Six reasons why fiscal councils can help create sustainable public finance in the post-pandemic world
Creating sustainable finance in a post coronavirus world. Graphic: Shutterstock
Fiscal discipline is critical for a resilient recovery in a post-COVID world , especially in developing countries.
Public Expenditure and Financial Accountability (PEFA), the global framework for assessing Public Financial Management (PFM) performance, emphasizes the importance of macroeconomic forecasts and fiscal policies as the foundation for sustainable public finance.
Successive PEFA assessments in several developing countries, even before the pandemic, indicated weaknesses in policy based budgetary processes. COVID-19 exacerbated this situation with unprecedented increase in government debt, fall in revenues and higher fiscal spending by governments.

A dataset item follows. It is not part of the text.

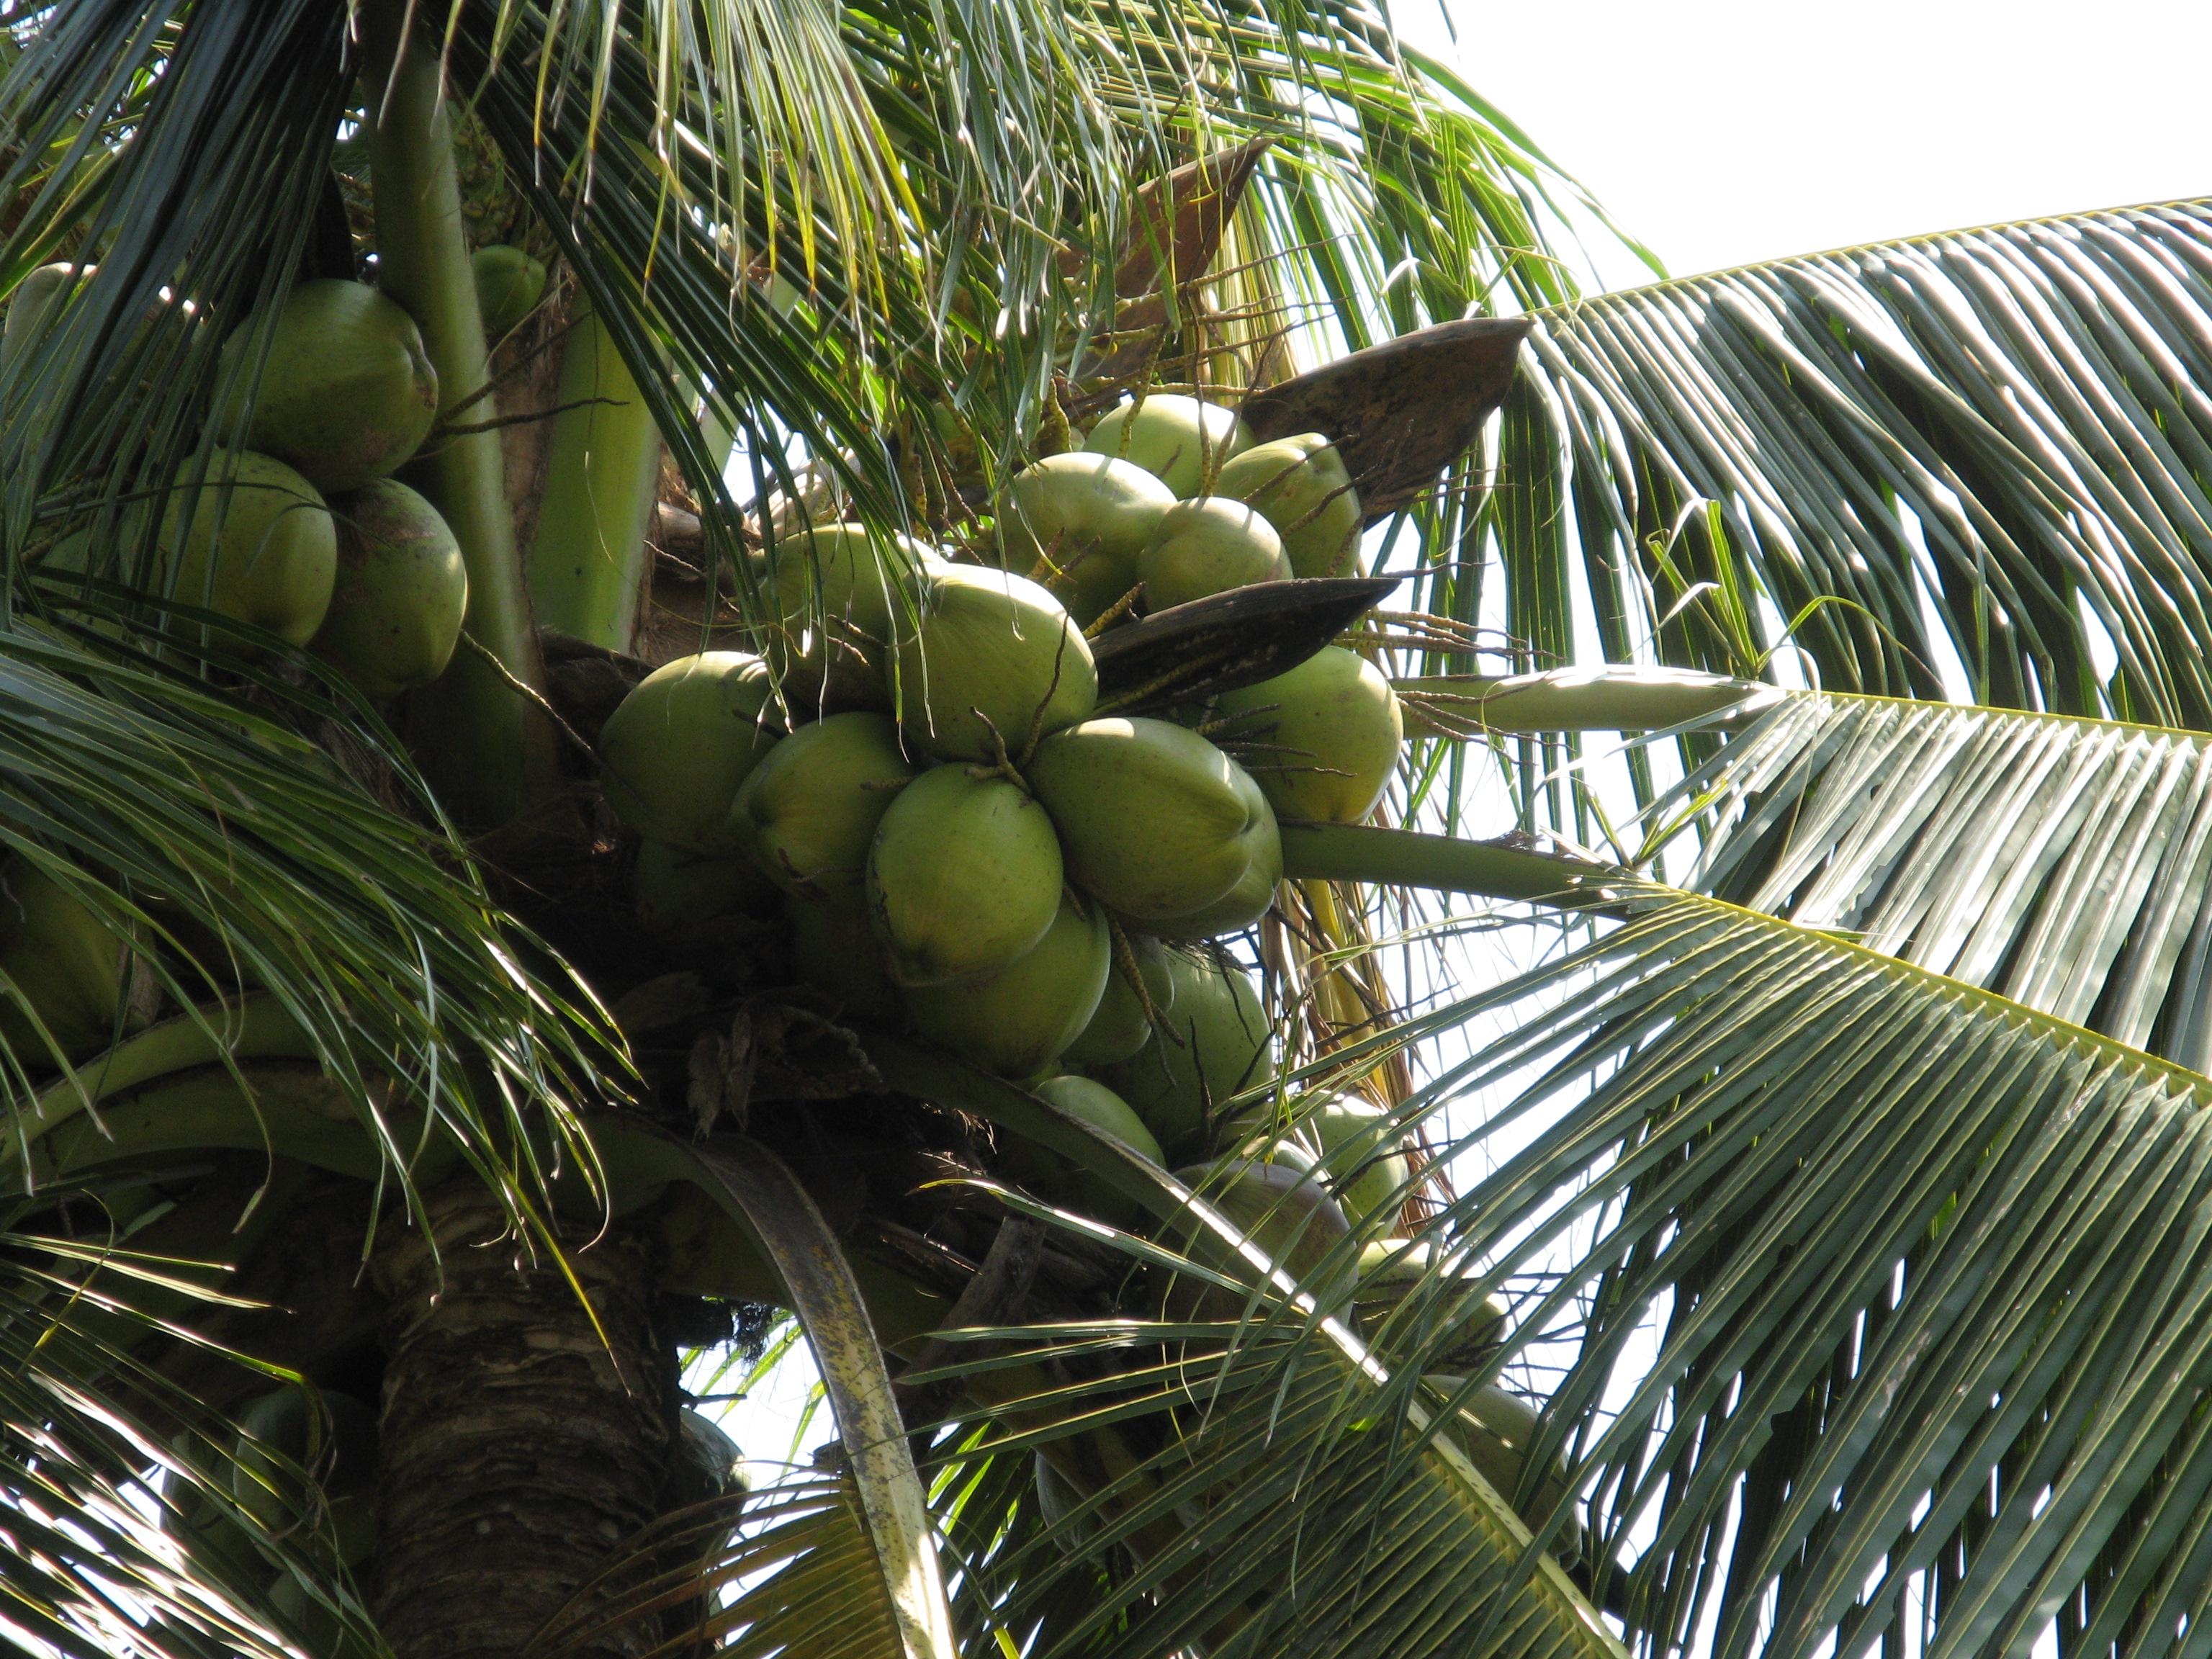 File:Coconut green.JPG - Wikimedia Commons

As countries emerge out of the pandemic, Fiscal Councils could help governments refocus on sustainable public finances because of their 6 unique characteristics and functions :
- Independent & non-partisan nature: Fiscal councils are expert bodies staffed by technical personnel, for oversight, guidance and advice on fiscal policies, plans and performance. They can be either legislative offices (often found in Presidential form of governance) or executive offices (reporting to Ministry of Finance). While the exact composition, role and mandate needs to align with country requirements, fiscal councils need independence, political support and technical expertise to effectively analyze and inform fiscal policy proposals. Governments can pass legislation to constitute a fiscal council, providing secure operational funding and with membership comprising of career civil servants and external independent experts.
- Ex-ante role in fiscal policies: The ex-ante role of fiscal councils in policy making could help Ministry of Finance and legislative committees better understand the medium-term implications of fiscal policy targets. Fiscal councils can improve the credibility of projected figures by validating macro-economic and fiscal forecasts in the budget process. Wherever fiscal rules are established, fiscal councils can be tasked with responsibilities to monitor the compliance with fiscal rules. They could help assess the fiscal impact of the interventions by governments to ensure long term sustainability.
- Help build trust in government: Countries that have adjusted traditional budget spending oversight or taken recourse to escape clauses in their fiscal rules in response to the COVID-19 crisis for greater and faster emergency spending, and to reassure the public that their actions are objective. A fiscal council could provide an added layer of objective impartial oversight and inform the public that their government is indeed planning and spending resources in an accountable manner. They can also help monitor and guide the government’s post-crisis path towards normalization and improvements in public finances.
- Coordinate fiscal policies: In countries where substantial authority over fiscal policies is also discharged by sub-national governments, fiscal councils can play the role of coordinator between them. Fiscal policies, even though executed by different national or sub-national authorities, should have a common objective and direction for better effectiveness especially in crisis like COVID-19. For instance, when the national government is attempting to stimulate the economy by increasing government spending, if a sub-national government cuts its spending then their efforts would be counter-productive resulting in reduced effectiveness of stimuli. Fiscal councils can play a coordinating role between different levels of governments to reduce such counter-productive actions.
- Improve quality of financial reporting: Fiscal policies are informed by financial information about the past as well projections into the future. A well-structured financial reporting system based on credible accrual basis accounting system (aligned with International Public Sector Accounting Standards (IPSAS)) could support fiscal councils understand not only the assets, liabilities, revenues and expenditure of the government, but also the medium-term impact of pandemic responses on the government balance sheets. Fiscal councils could also provide valuable insights and recommendations to improve quality of financial reporting to make it more accountable, transparent and credible.
- Strengthen public accountability chain: Supreme Audit Institutions (SAI) are increasingly playing a key role in providing oversight on governments’ commitment to fiscal discipline in countries. SAI’s ex-post audit reports on government finances provide a key source of input for fiscal councils in their assessment of fiscal policies and performance. Effective functioning and complementary roles of SAIs and fiscal councils could also contribute to enhanced transparency and accountability in public finances.
Experiences of recovery from the global financial crisis of 2008 indicated a doubling of the number of countries with independent fiscal council in the last decade. Advanced economies like the USA, UK, Australia, and Canada have fiscal councils in place, while developing countries like India and Indonesia have been considering constitution of fiscal councils. Empirical evidence suggests that countries which established fiscal councils have been able to reduce budget forecast errors, reduce deficit bias and has strengthened governments’ capacity to comply with numerical fiscal rules.
Though establishing a fiscal council is a step in the right direction, it might not be enough to achieve fiscal sustainability unless there is a strong political commitment to make them effective. However, it is a desirable step that can enable governments to pursue better informed fiscal policies for a post-COVID world.